These are truly mad times.
Parliament has been back in session for less than a week and we have experienced scenes that will go down in history, speeches that will become YouTube sensations, and events that future generations will study in school. If this was a TV drama for political geeks it would all be terribly exciting – a barnstorming season opener. But this is real life, and the overriding feeling amid the chaos, the prorogation and the mass expulsions is a depressing sense that stalemate is tearing us apart. The fate of this country is now being decided not by reasoned debate and compromise, but by a vicious dog fight where conventions of fair play are being thrown out of the window in exchange for a chess game of manipulation. More than three years and just six weeks from the already revised Brexit day, we have no deal, no agreement, and a civil war raging with little clarity on what the outcome will be.

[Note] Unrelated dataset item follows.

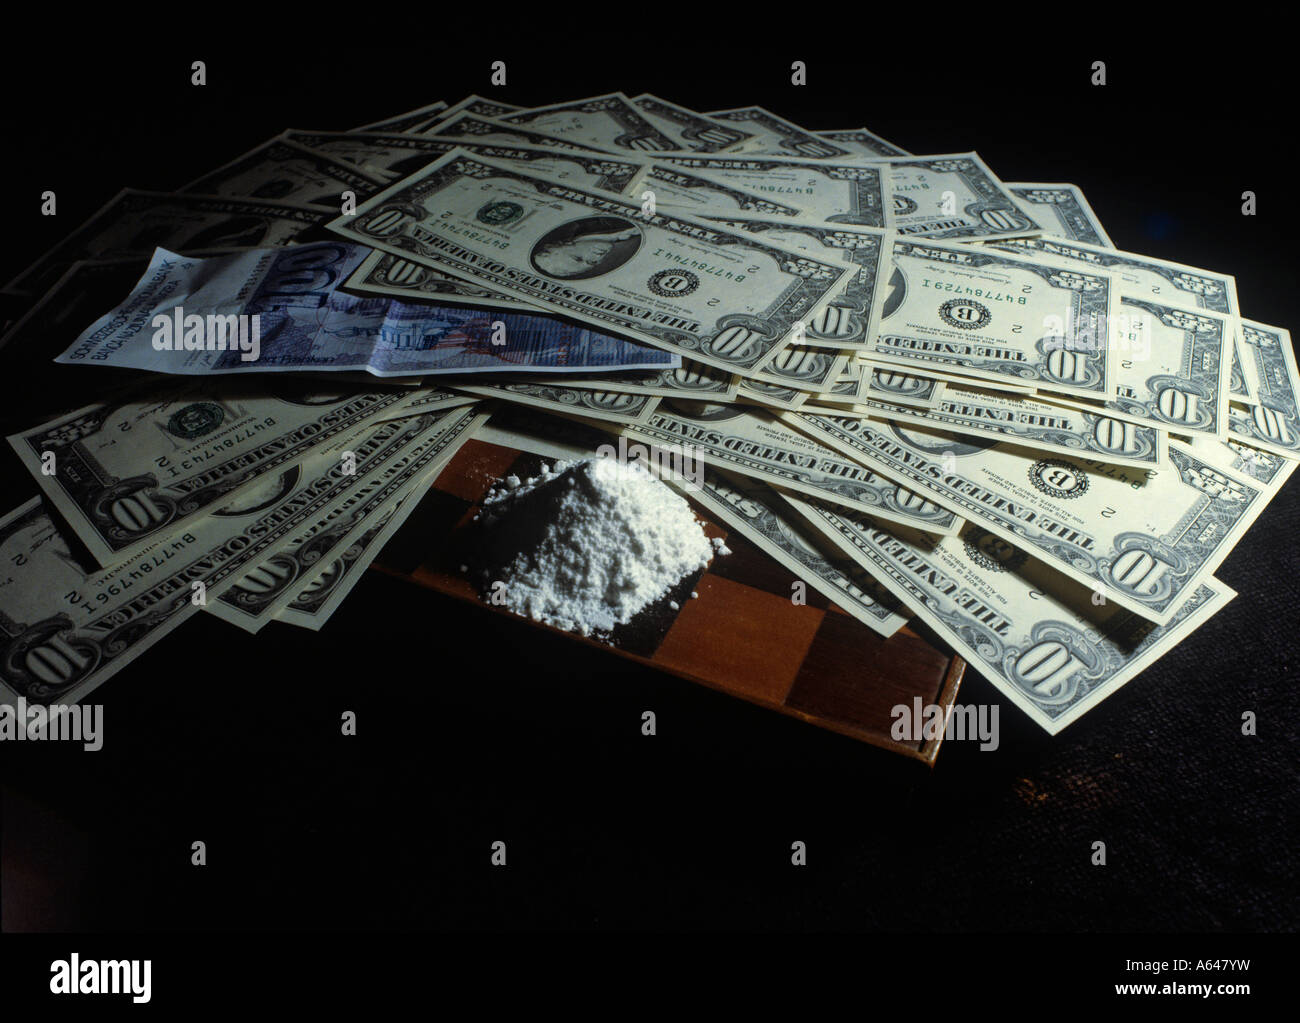 dollar bills and cocaine or heroine editorial use only Stock Photo

In terms of winners and losers in the chess game, this has certainly been a difficult week for Boris Johnson. Throwing heavy punches at Parliament has led to him getting punched back twice as hard, and he has now seemingly lost control of the timings for both Brexit and a General Election. The plan to prorogue Parliament did not paralyse opponents but instead unified and enraged them. Meanwhile, the hardline policy of sacking all Conservatives who voted against the Government on Brexit is now looking rather like cutting off your nose to spite your face, as evidenced by the Government’s whopping new majority of minus 43.
There are few certainties on how this will all pan out, but one thing is clear: we will be having a General Election soon. It may not happen on October 15th as the Government intends, but it will happen. The opposition to an election is based on timings, not absolutes, and once Labour is sure that a no-deal Brexit on October 31st is ruled out and an extension granted, we will likely be heading to the ballot box once again.
And it is here when Johnson could still have the last laugh. Polls look favourable for the Conservatives as it stands, and the anti-Brexit vote is massively split between Labour and the Lib Dems. How well the anti-Brexit alliance organises itself will have a huge impact on the outcome, and it will be a challenge to convince Labour and Lib Dem voters to work together. There is clear water between Corbyn and Swinson on almost everything except shared opposition to a no-deal Brexit, but somehow they will need to get their squabbling ducks in a row, or risk surrendering power to Boris Johnson.
The election, when it happens, may well finally end this stalemate and give us some much needed certainty on the fate of the country. What it will not fix however, is the division that is splitting the UK down the middle, the perceived Remain vs Leave binary, and the relentless fixation on our relationship with Europe above and beyond everything else. This, for the time being, will remain the defining challenge of our times.